Западный же мир давно отказался от самого помысла изменить мир. От больших идей Запад перешел к Think global, act local? И работает это так же, как лозунг из какого-нибудь маркетингового учебника, хреновенько, если честно. Равенство народов? Не шибко, еще и с намечающимся креном в сегрегацию уже белых. Уравнение доходов? Вообще никак, заявил же об этом Occupy Wall Street. Равенство полов, гомосексуалов? Ок, тут получается неплохо. А со свободой, хотя бы той же информации? Ассанжу грозит пожизненный, а его информатор Меннинг сидит в США в прозрачной клетке под неусыпным контролем и даже туалетную бумагу должен просить у охраны, рапортуя об этом. Протест как чаяние об идее выдавлен настолько, что у нас нет для вас Doors и Nirvana – получайте Jay-Z и Lady Gaga.
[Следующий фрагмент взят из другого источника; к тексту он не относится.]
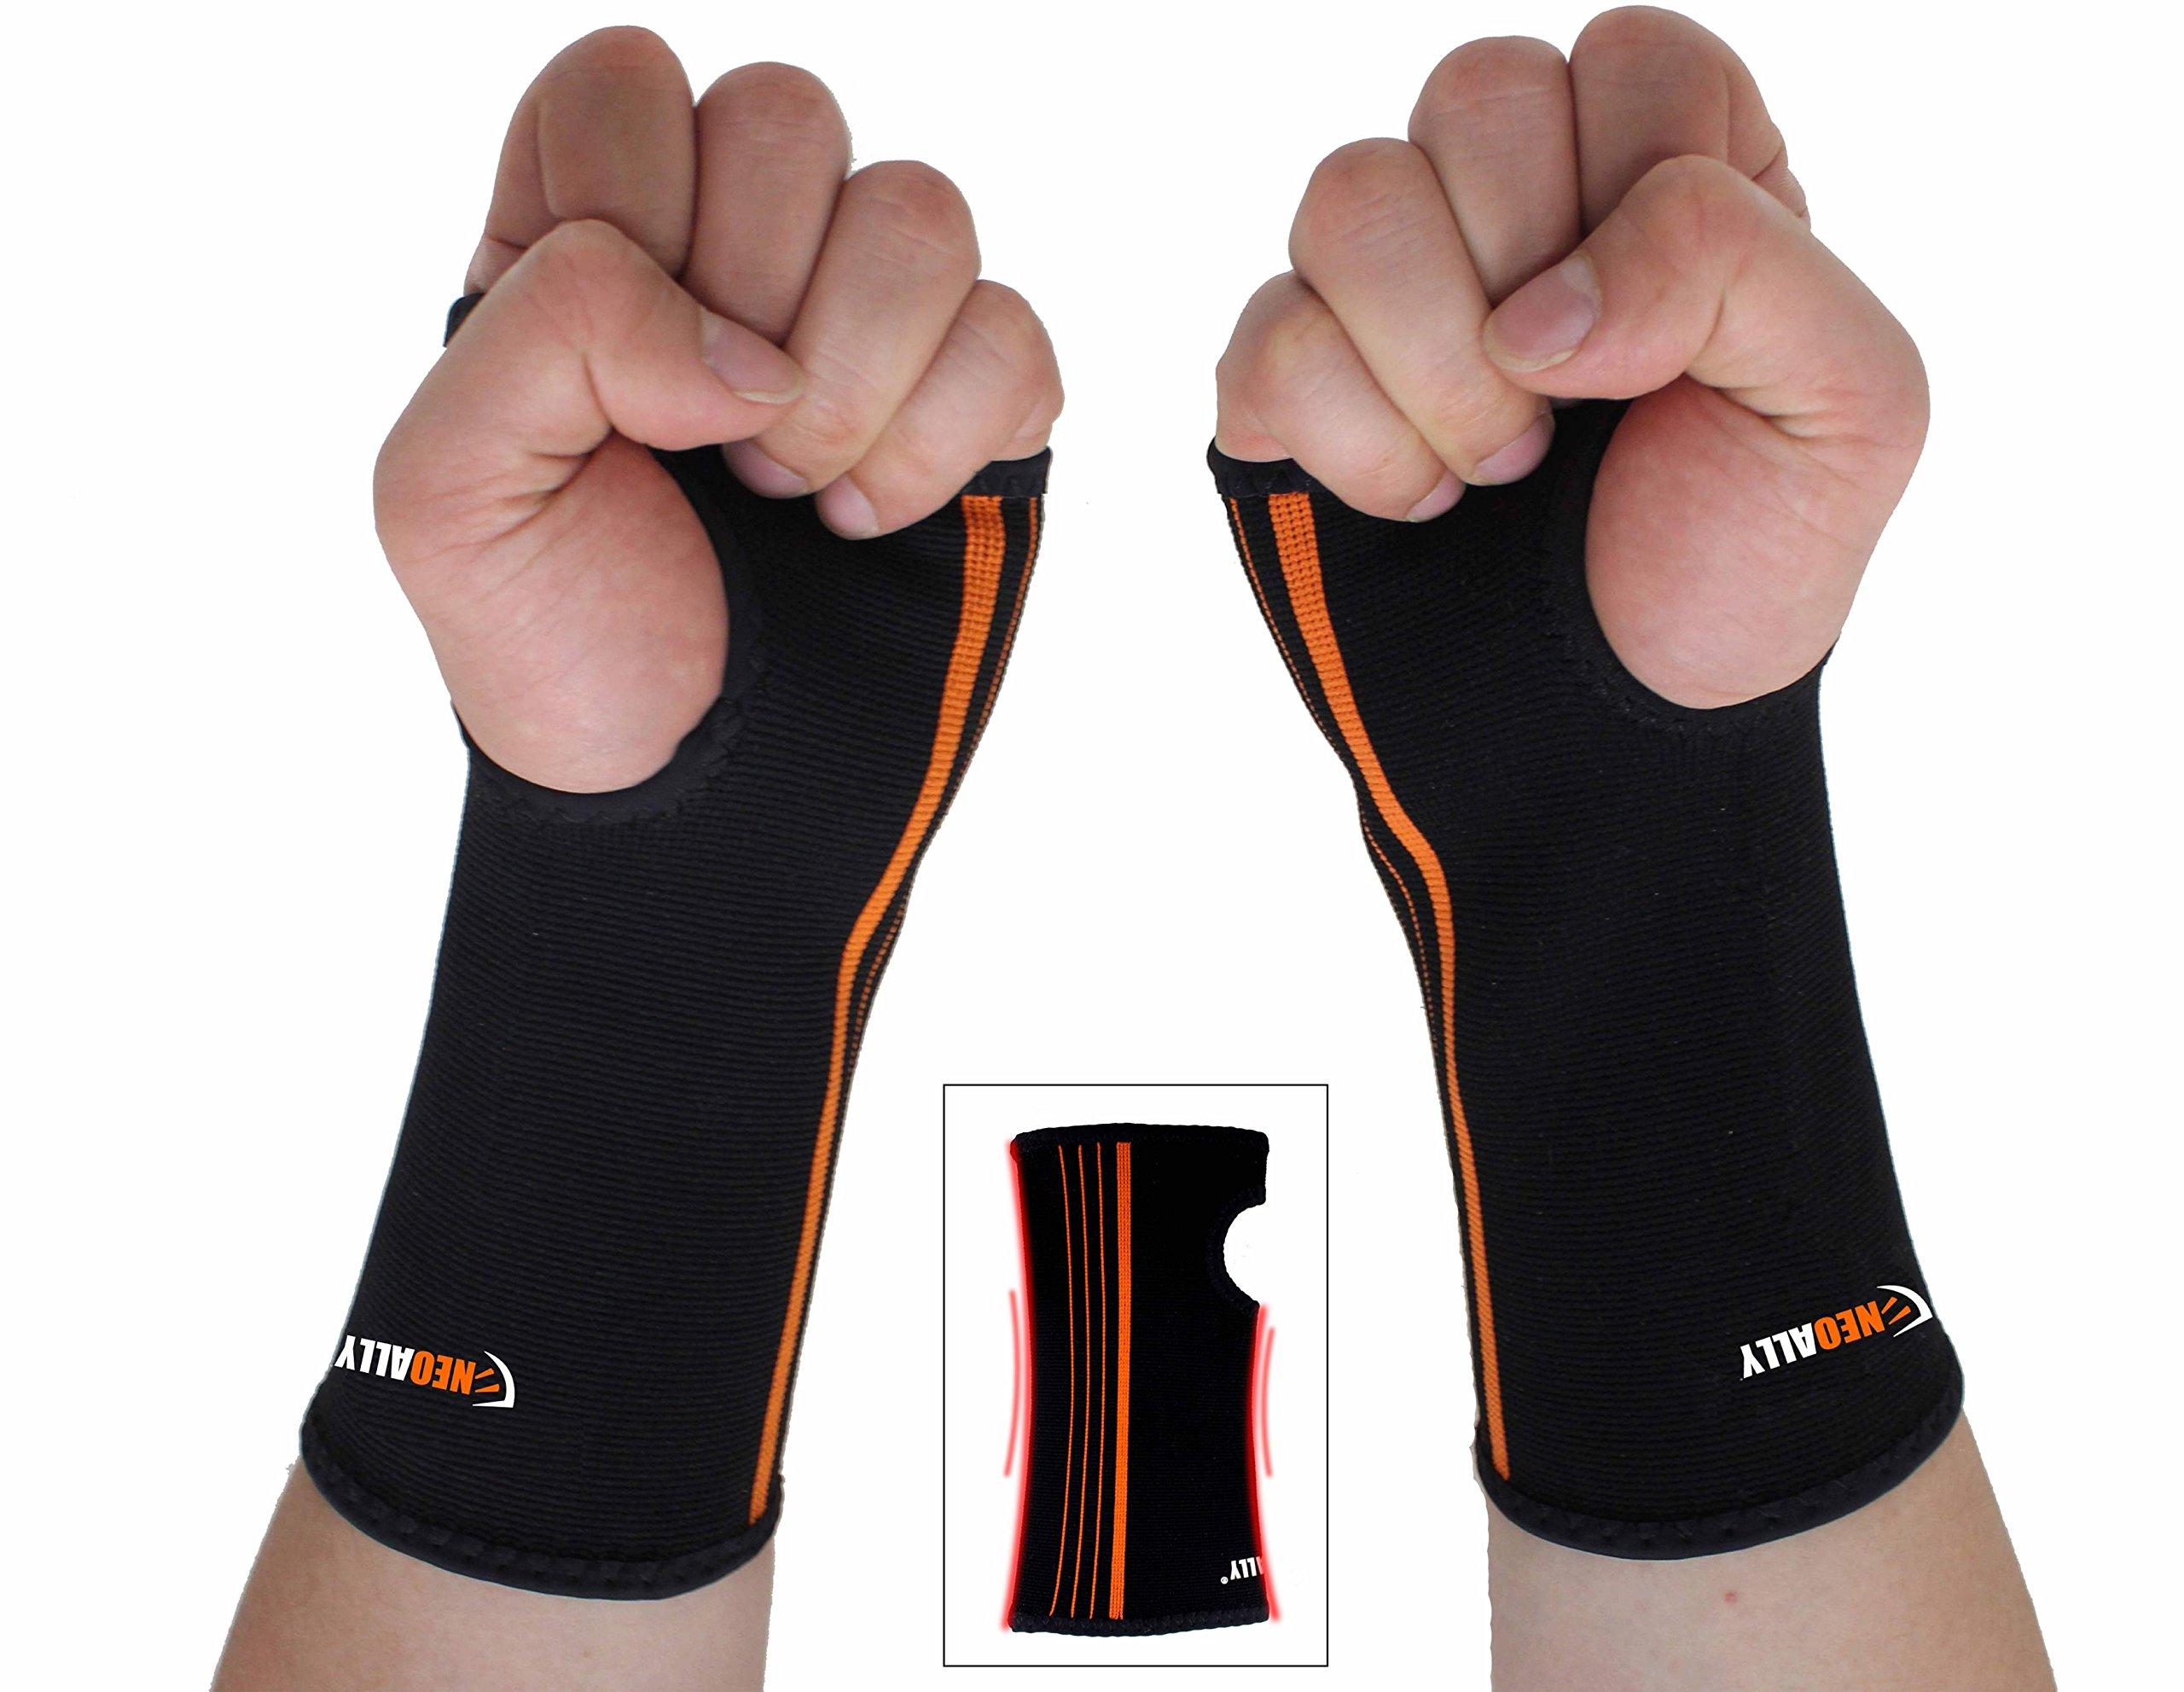 NEOALLY Wrist and Forearm Brace Compression Sleeve for Carpal Tunnel, Arthritis, Tendonitis, Bursitis and Wrist Sprain (Large 2-Pack)

Это все примеры из американо-европейской жизни, во-первых, потому что они тут трендсеттеры, законодатели моды, во-вторых, у нас даже примеров не нужно, чтобы расстроиться. Впрочем, есть и важные различия. Америка не отказалась от религиозной идеи, у нас стало модно издеваться над Церковью. США пропагандирует – мы же охотно манипулируемся (делаем несусветную рекламу нагловатым девицам, захотевшим модного пиара). Хотя в Европе еще хуже – все большие идеи там заведомо маргинализированы как «неполиткорректные» (запрещено носить крест на работе в Великобритании).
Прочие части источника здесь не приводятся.